1) Explore the data with a scatter matrix and a correlation plot (`statsmodels.graphics.plot_corr`).  

   Build a multiple regression model to predict `Time` based on `Distance` and `Time`.
   

2) Interpret the coefficients of your model.  



3) Plot the fitted values of the response (`Time`) against the standardized residuals of the model.

   **Hint:**
   - Use `model.fittedvalues` to get fitted values and `model.resid_pearson` to get the standardized residuals
 
   Does the residual plot appear to fulfill the following assumptions:
   - Linearity
   - Normality
   - Homoscedasticity 
   
   What are the consequences if those assumptions are not met ? 


4) An additional test for Normality of the residuals is the Q-Q plot. If the quantiles of the residuals match that of a Normal distribution, then the residuals are normally distribution. 

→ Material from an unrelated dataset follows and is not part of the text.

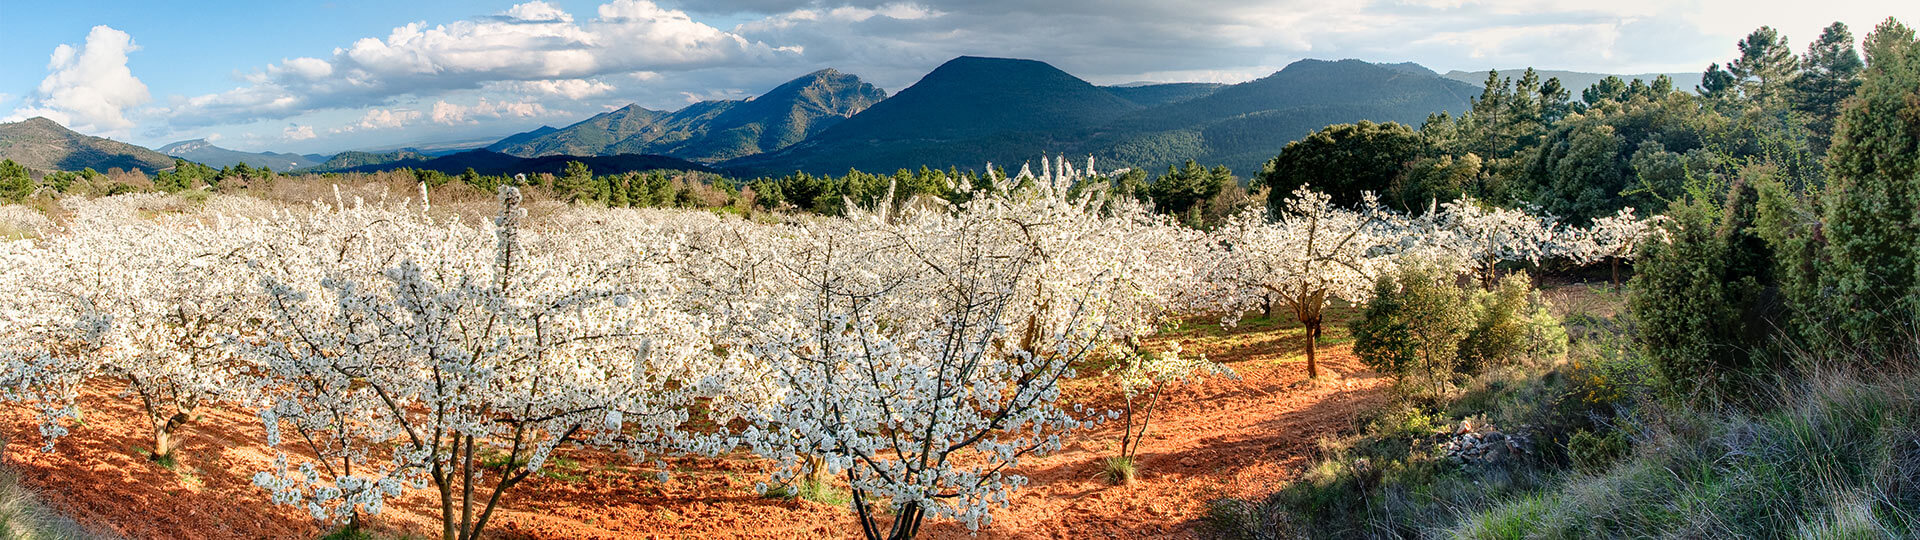  Kwitnące czereśnie w dolinie Valle del Jerte, Estremadura

   Import the qq-plot function from statsmodels `from statsmodels.graphics.gofplots import qqplot`.
   
   Draw a straight line where the quantiles of the residuals are the same as those of a standard Normal distribution.
   
   The plot you produce should look similar to the one below:
   
   ![](images/qq.png)
   
   Do the residuals appear to be Normal ?
  
   

5) (Extra Credit) To identify outliers, one can also look at the leverage-residual plot. 

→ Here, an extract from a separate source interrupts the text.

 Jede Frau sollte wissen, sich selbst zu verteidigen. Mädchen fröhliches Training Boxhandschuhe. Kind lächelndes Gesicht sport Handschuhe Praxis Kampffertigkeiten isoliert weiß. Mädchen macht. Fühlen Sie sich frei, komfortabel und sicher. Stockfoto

   Explain what leverage means and how is leverage computed. Is a data point influential if the residual is large but the leverage is low? What about if the residual and leverage are both high?
   
   Import the leverage-residual plot from statsmodels by `from statsmodels.graphics.regressionplots import plot_leverage_resid2`. You can call it by just feeding in the fitted model.
   
   ```python
   plot_leverage_resid2(model)
   ```
   
   Identify the races where the leverage and residual are high. Comment on the commonalities between those races.
   
   

6) (Extra Credit) What are the precautions you need to bare in mind if you were to remove the outliers you have identified in `5.` ?
   
   Remove the outliers in the dataset and re-run the model. 
   
   Plot the residual plot and Q-Q plot as you have done previously. Comment on the plots.
   
   Also comment on the fit of the model to the data relative to the first model.

**Question 3**

You are given the price and features of some used cars in the tables `car_price` and `car_type`. Car company X want you to build a model to predict car price based on some given features about the car.

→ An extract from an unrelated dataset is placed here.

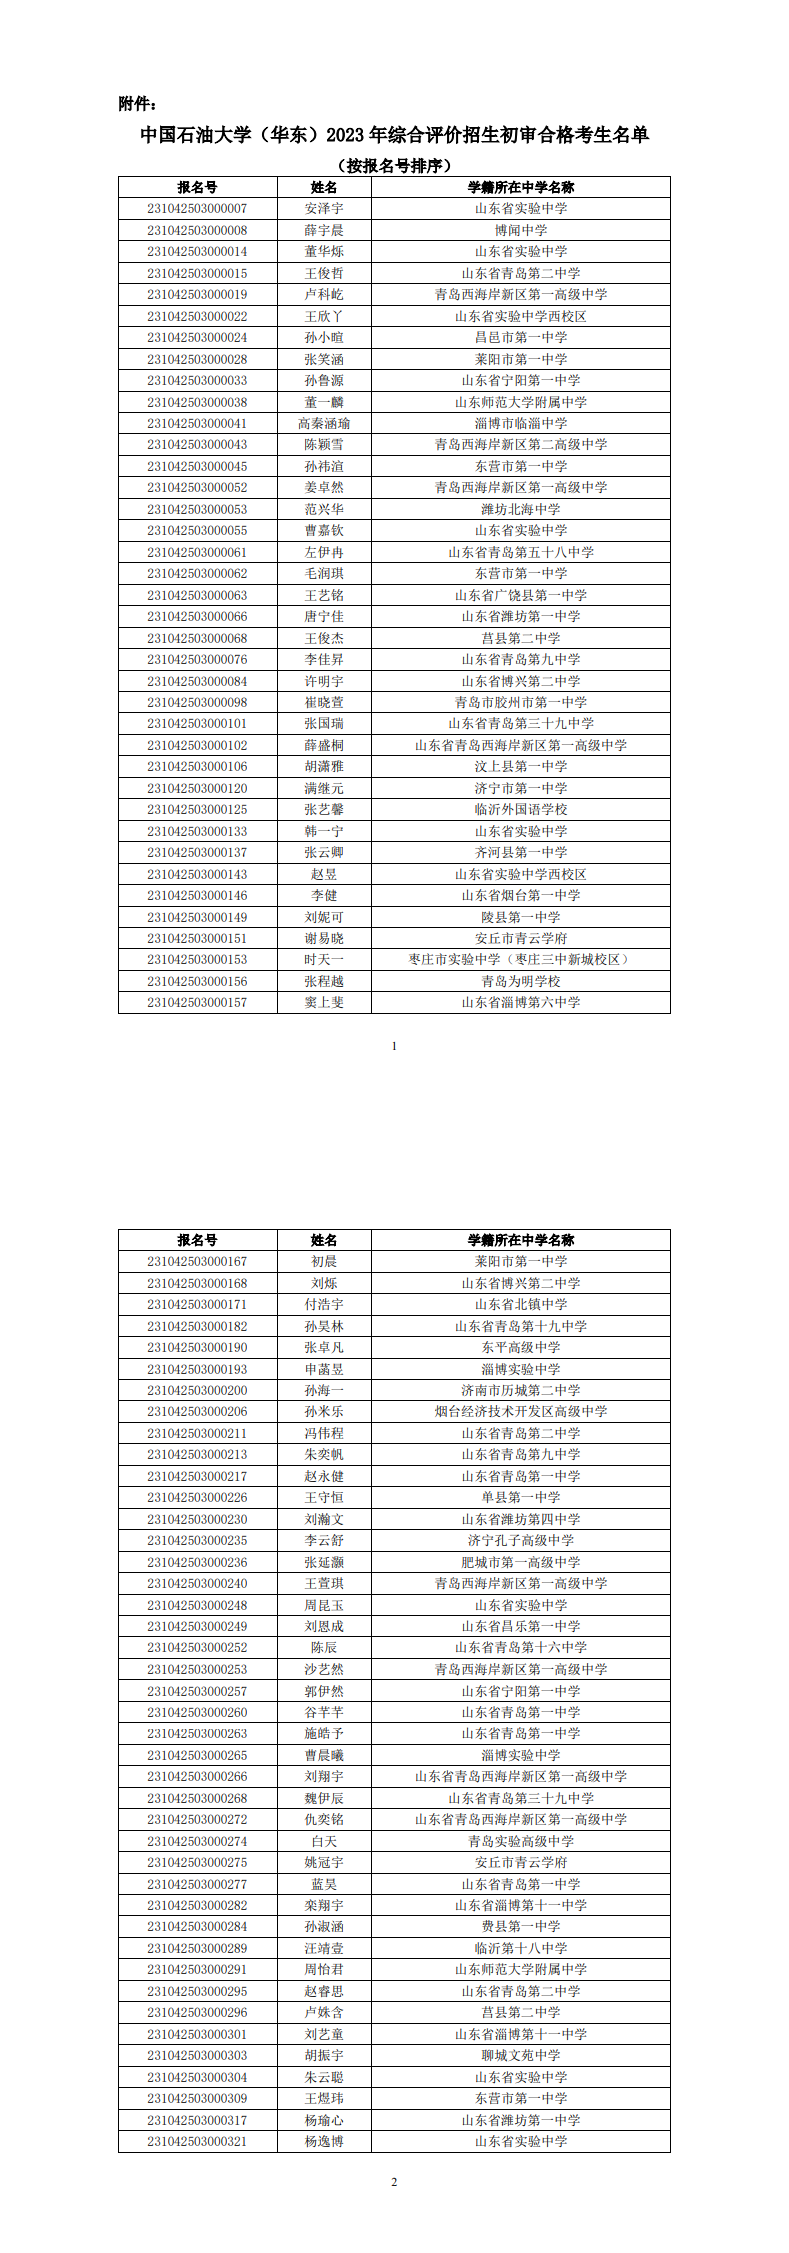 中国石油大学（华东）2023年综合评价初审名单

1) Explore the dataset with a correlation matrix. You should select only numeric columns when you are constructing the correlation matrix.  
   ```python
   numerics_only = car_price.select_dtypes(['int64', 'float64'])
   sm.graphics.plot_corr(numerics_only.corr(), xnames=numerics_only.columns.tolist())
   ```

   Which 2 variables are strongly multicollinear with each other based on your observation of the correlation matrix ?
   
   Which one would you choose to put in the model and why (subjective answer).

In [8]:
car_price = pd.read_sql("SELECT * FROM car_price", engine)
car_price.head()

Unnamed: 0,car_id,price,mileage,make,model,trim,cruise,sound,leather
0,0,17314.103129,8221,Buick,Century,Sedan 4D,1,1,1
1,1,17542.036083,9135,Buick,Century,Sedan 4D,1,1,0
2,2,16218.847862,13196,Buick,Century,Sedan 4D,1,1,0
3,3,16336.91314,16342,Buick,Century,Sedan 4D,1,0,0
4,4,16339.170324,19832,Buick,Century,Sedan 4D,1,0,1


In [9]:
car_type = pd.read_sql("SELECT * FROM car_type", engine)
car_type.head()

Unnamed: 0,make,model,trim,type,cylinder,liter,doors
0,Buick,Century,Sedan 4D,Sedan,6,3.1,4
1,Buick,Lacrosse,CX Sedan 4D,Sedan,6,3.6,4
2,Buick,Lacrosse,CXL Sedan 4D,Sedan,6,3.6,4
3,Buick,Lacrosse,CXS Sedan 4D,Sedan,6,3.8,4
4,Buick,Lesabre,Custom Sedan 4D,Sedan,6,3.8,4


2) Fit a multiple regression model with all the available features to predict price. Check all the assumptions made about the model as you have done previously. Comment on the Q-Q plot and the residual plot.

   

3) One of the remedies to heteroskedastic residuals is to take the log of the response. Log the response and re-run the model and check the assumptions again.

   

4) As a rule of thumb, the fewer variables there are in a model, the easier it is to interpret the model. Use your judgement and remove features which you think are of little practical importance and have coefficients that are statistically insignificant.

   

5) (Extra Credit) Run outlier diagnostics in order to identify and explain outliers of the model.